Analyzing Inverse Problems with Invertible Neural Networks
Lynton Ardizzone, Jakob Kruse, Sebastian Wirkert, Daniel Rahner, Eric W. Pellegrini, Ralf S. Klessen, Lena Maier-Hein, Carsten Rother, Ullrich Köthe
TL;DR
This work presents INNs as a robust framework for solving ill-posed inverse problems by modeling the full posterior $p(\mathbf{x}\,|\mathbf{y})$ through an invertible forward–inverse pair augmented with latent $\mathbf{z}$. By enforcing forward accuracy and distributional consistency with $p(\mathbf{y})p(\mathbf{z})$ via MMD, the method yields multi-modal, correlated posteriors and uncertainty quantification without restrictive parametric assumptions. Theoretical guarantees (asymptotic correctness) accompany empirical demonstrations on synthetic Gaussian mixtures and real-world domains including medical tissue spectroscopy and astrophysical spectral analysis, where INNs outperform ABC and cVAE baselines in posterior calibration and multimodality recovery. The approach offers a computationally efficient, flexible alternative for inverse problems, with potential for scaling to higher dimensions and integration of cycle-style losses in future work.
Abstract
In many tasks, in particular in natural science, the goal is to determine hidden system parameters from a set of measurements. Often, the forward process from parameter- to measurement-space is a well-defined function, whereas the inverse problem is ambiguous: one measurement may map to multiple different sets of parameters. In this setting, the posterior parameter distribution, conditioned on an input measurement, has to be determined. We argue that a particular class of neural networks is well suited for this task -- so-called Invertible Neural Networks (INNs).
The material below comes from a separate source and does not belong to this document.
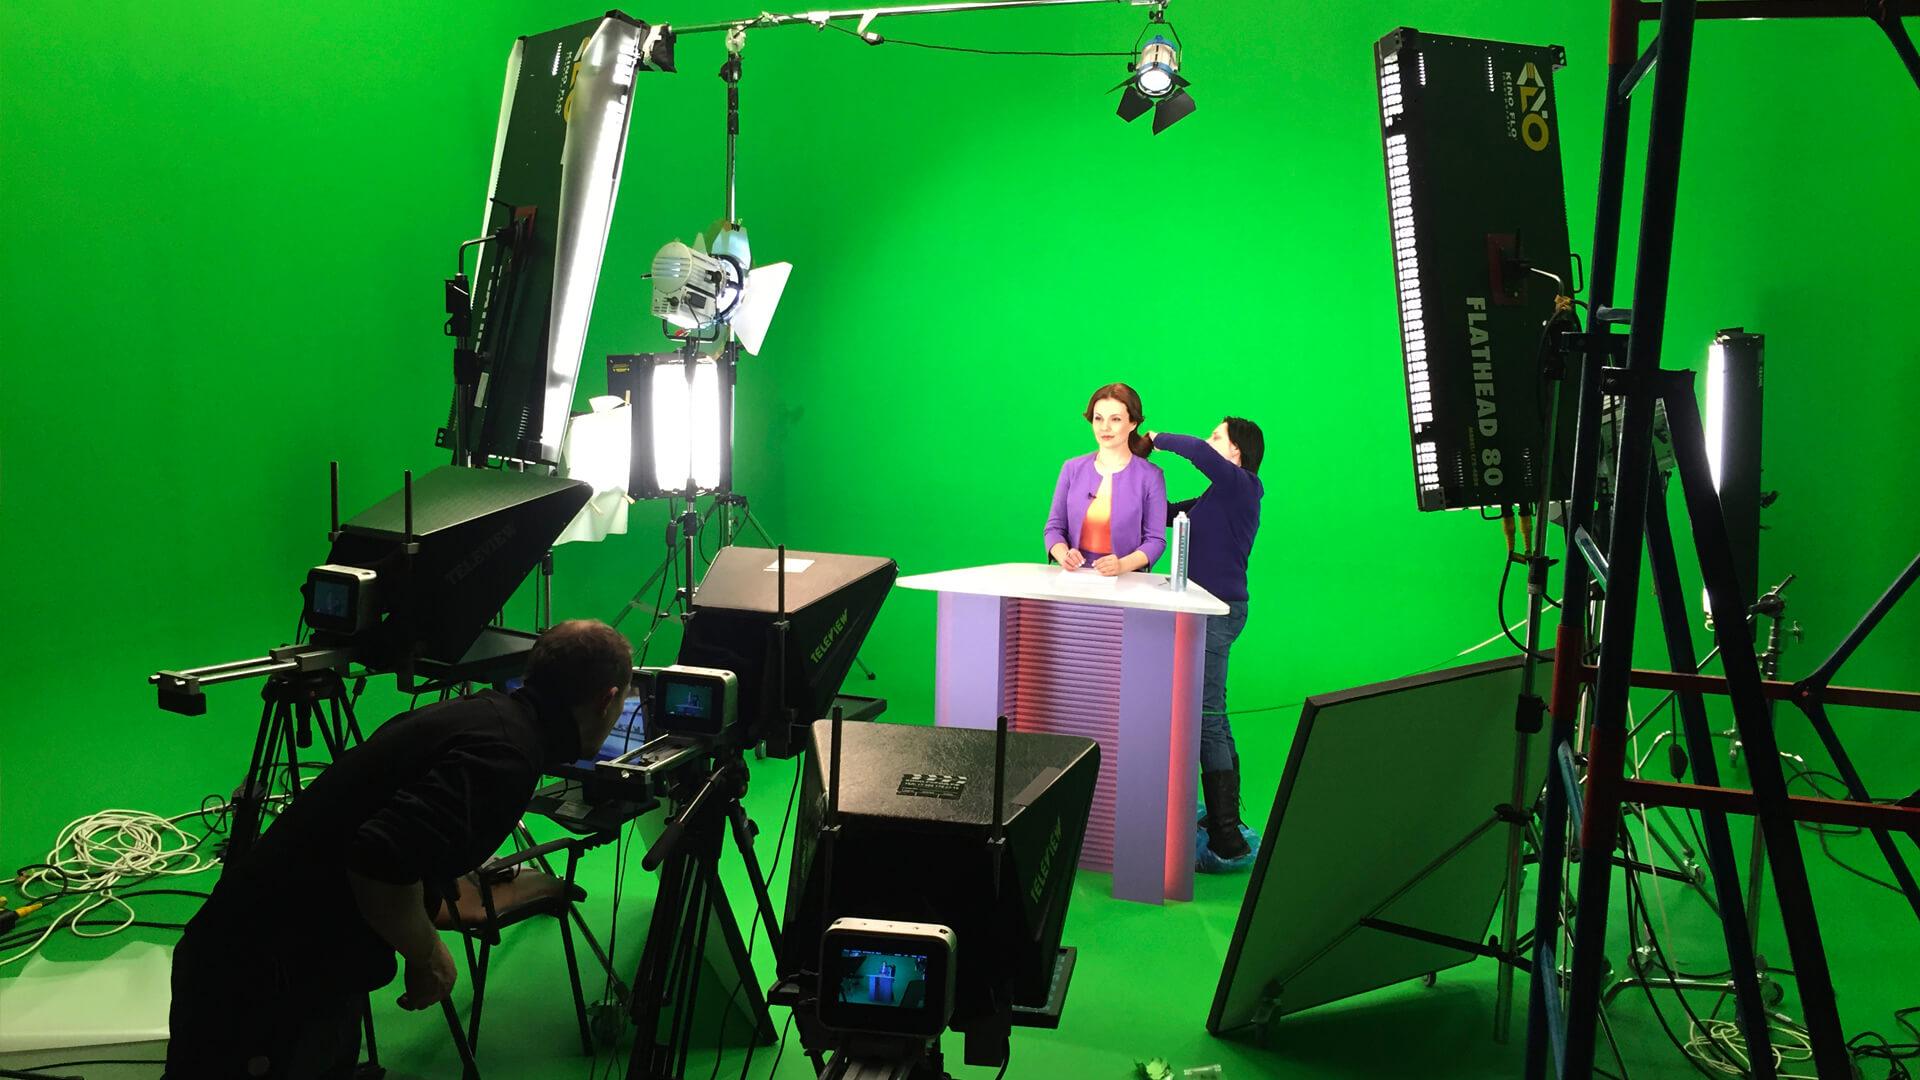 Съемка телепередачи с виртуальной студией

Although INNs are not new, they have, so far, received little attention in literature. While classical neural networks attempt to solve the ambiguous inverse problem directly, INNs are able to learn it jointly with the well-defined forward process, using additional latent output variables to capture the information otherwise lost. Given a specific measurement and sampled latent variables, the inverse pass of the INN provides a full distribution over parameter space. We verify experimentally, on artificial data and real-world problems from astrophysics and medicine, that INNs are a powerful analysis tool to find multi-modalities in parameter space, to uncover parameter correlations, and to identify unrecoverable parameters.